I think the interpretation in terms of patients lost to follow-up has been part of the definition at least since this pub: https://www.jclinepi.com/article/S0895-4356(13)00466-6/fulltext. They cite two earlier papers from the 90s but I always assumed this paper was the one that kicked off the current craze (and don’t have access to the earlier pubs!), it certainly dominates in turns of cites.

The person who introduced it to me must have come up the the misclassification application.

i didn’t read the full pdf, just their defn: “The Fragility Index was calculated by adding an event from the group with the smaller number of events (and subtracting a nonevent from the same group to keep the total number of patients constant) and recalculating the two-sided P -value for Fisher’s exact test.”

and that’s the defn im familiar with, i didnt see anything about lost-to-follow up. But if they did replace drop outs with an event then it’s just a worst case scenario imputation, or a perverse locf. Theyre blending and confusing all these ideas together? sorry, maybe it deserves more attention, but my guess is i shouldnt waste my time with these papers…

The lost to follow-up bit isn’t included in the math, just how they interpret it. For example from the abstract:

Results

The 399 eligible trials had a median sample size of 682 patients (range: 15–112,604) and a median of 112 events (range: 8–5,142); 53% reported a P -value <0.01. The median Fragility Index was 8 (range: 0–109); 25% had a Fragility Index of 3 or less. In 53% of trials, the Fragility Index was less than the number of patients lost to follow-up.
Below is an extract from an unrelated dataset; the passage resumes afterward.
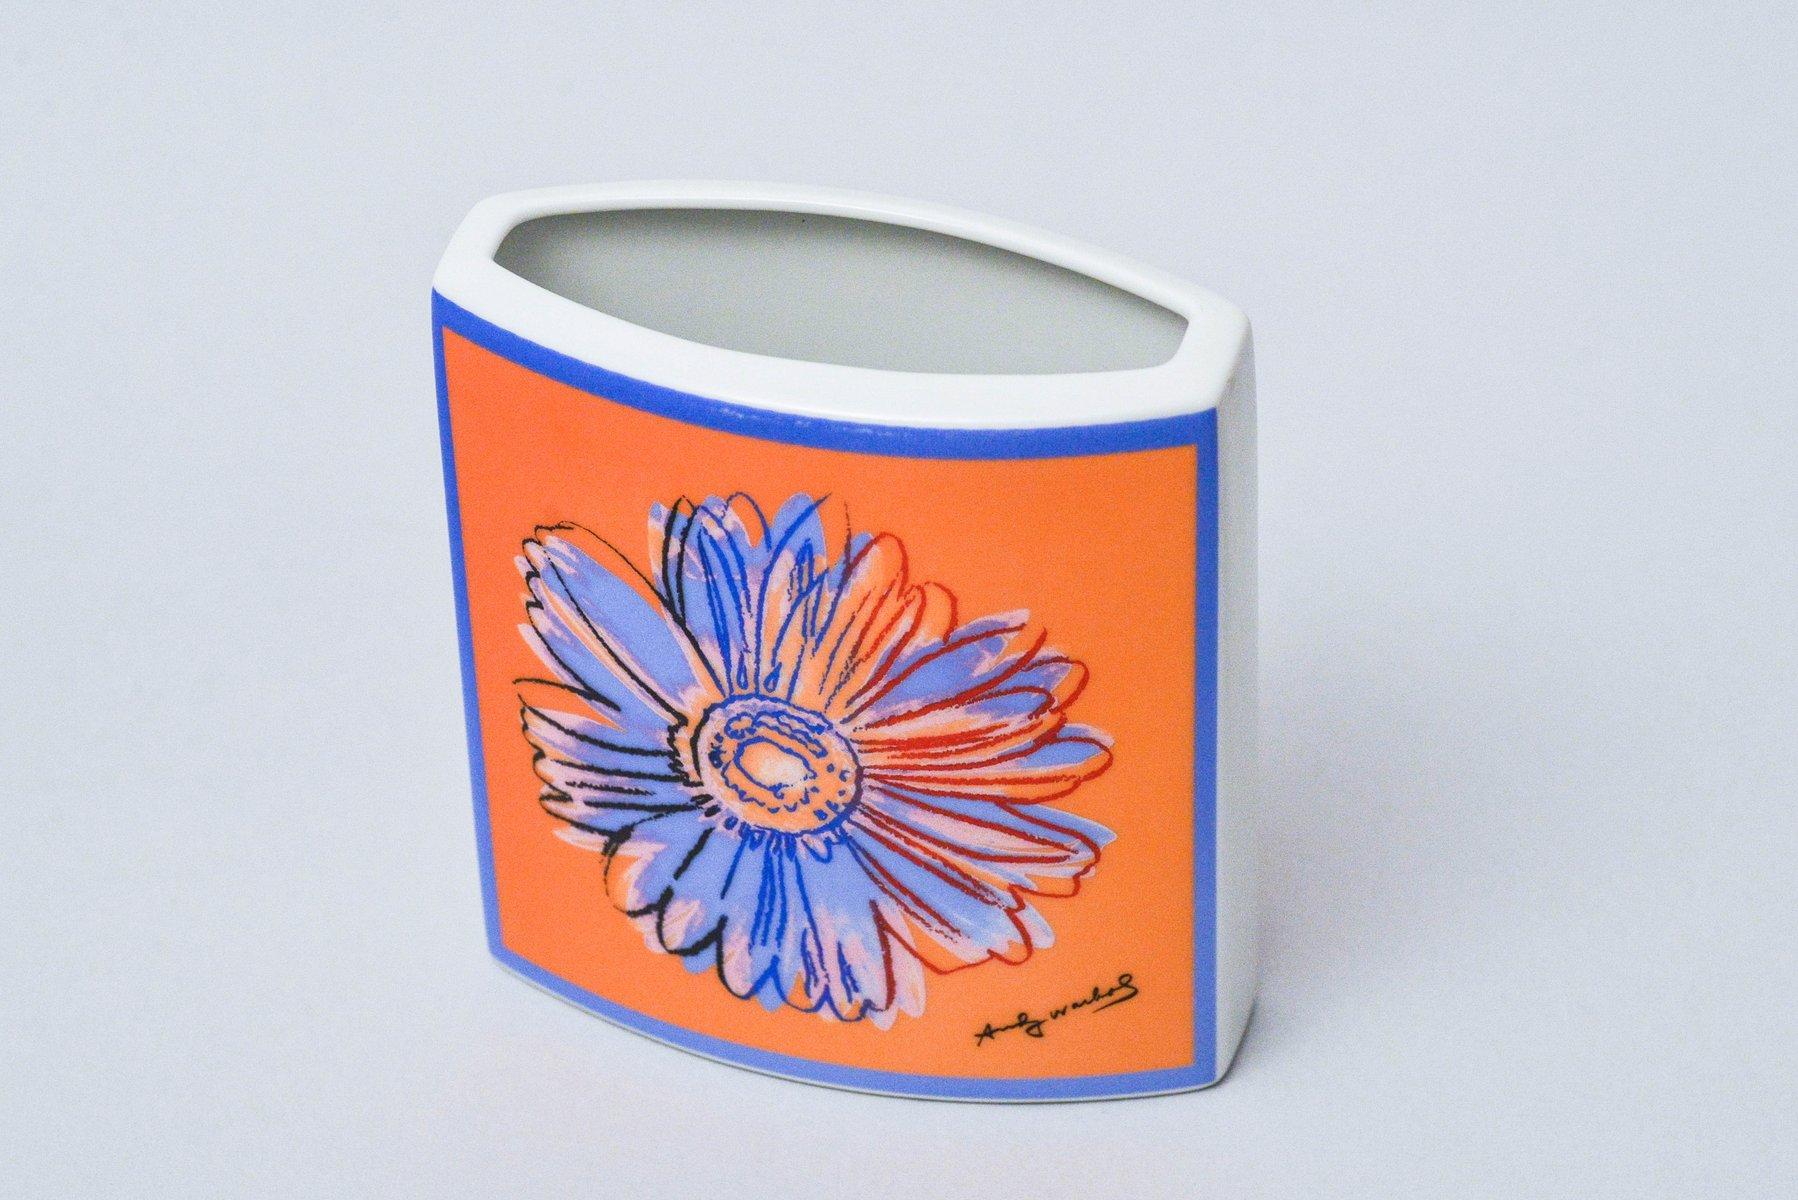 vintage daisy vase von andy warhol f r rosenthal studio line bei pamono kaufen. Black Bedroom Furniture Sets. Home Design Ideas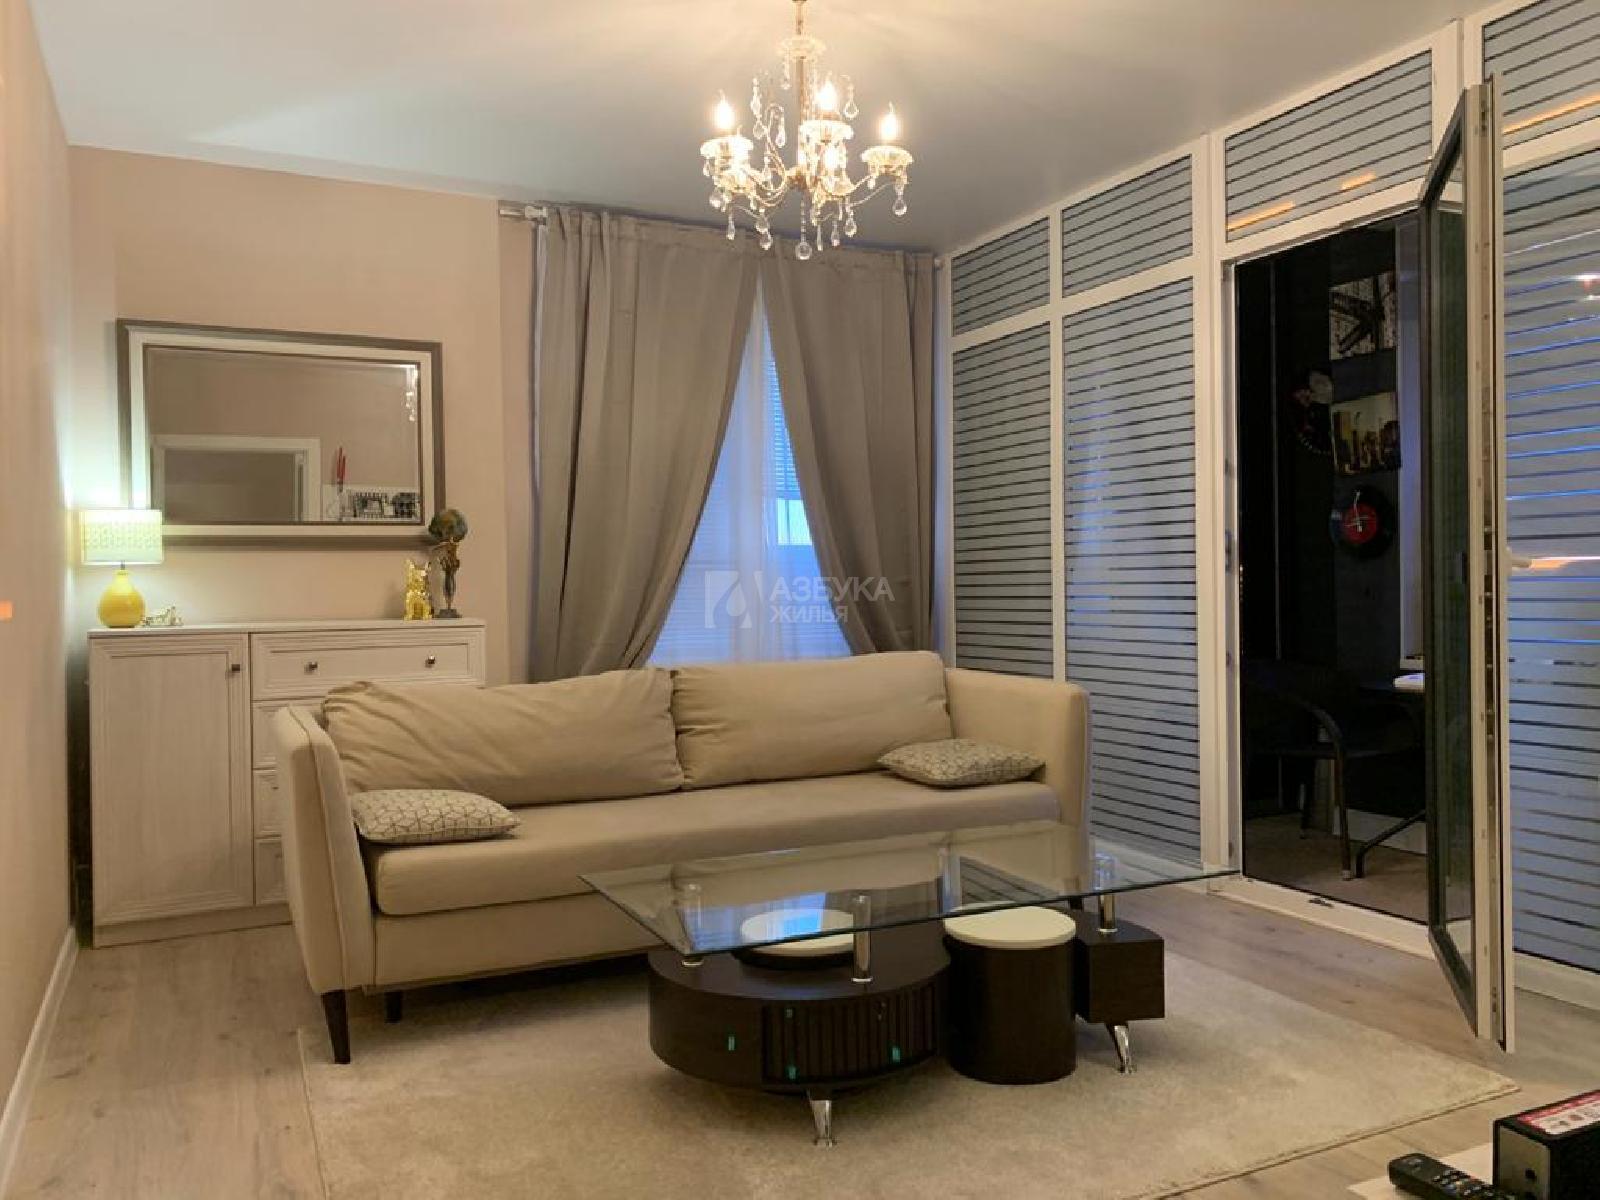 Фото №15 - 3-комнатная квартира, Москва, Поляны улица 5, метро Улица Скобелевская

They don’t do this, but they do interpret the results in terms of drop outs e.g. could those patients describe the flip. It is essentially worst case scenario imputation as far as I’ve always understood it.

1 Like

I am surprised by some strong responses to the use of the “Fragility Index”. The non-identifiable intention of the proponents or users of FI should have no bearing on one’s judgement of its worthiness. To be honest, I’ve never heard about the FI before, and thought this was about some way to measure clinical prognosis. I believe the FI is both sound, because it points to an important issue on causal inference (more below), and at the same time flawed, because relying on p-values results in a circular argument (no more on this).
The FI points to the issue of how to make causal inferences in a context of limited data. An example of inference in the context of limited data is the classic 2x2 table with an empty cell or with a very small number of observations in a cell. This is relevant for randomized clinical trials, because randomization allows us to simplify the analysis to a 2x2 table. An estimate of the effect of the treatment, and p-values, could be obtained from a table with sparse data. However, the estimate of the effect would be extremely large and will have a very wide confidence interval. In consequence, most people would give little weight to the findings of such a study. Thus, it seems the FI tell us little we can not infer from the point estimate and the confidence interval for the effect measurement (risk ratio or rate ratio). Moreover, the FI does not provide a way to address the problem and, therefore, contributes little to the advancement of science. Fortunately, simple Bayesian approaches have been available for decades (such as the Haldene correction) and could easily address the problem of “fragility”. Basically, if one is concerned about the “fragility” of a trial (I guess they meant the “fragility of the findings of a trial”) one could pool them with findings from similar trials or with our educated guesses to make better (i.e. more robust) inferences about the effect of the intervention. Briefly, the FI does not identify a new problem, nor provides guidance on how to address it.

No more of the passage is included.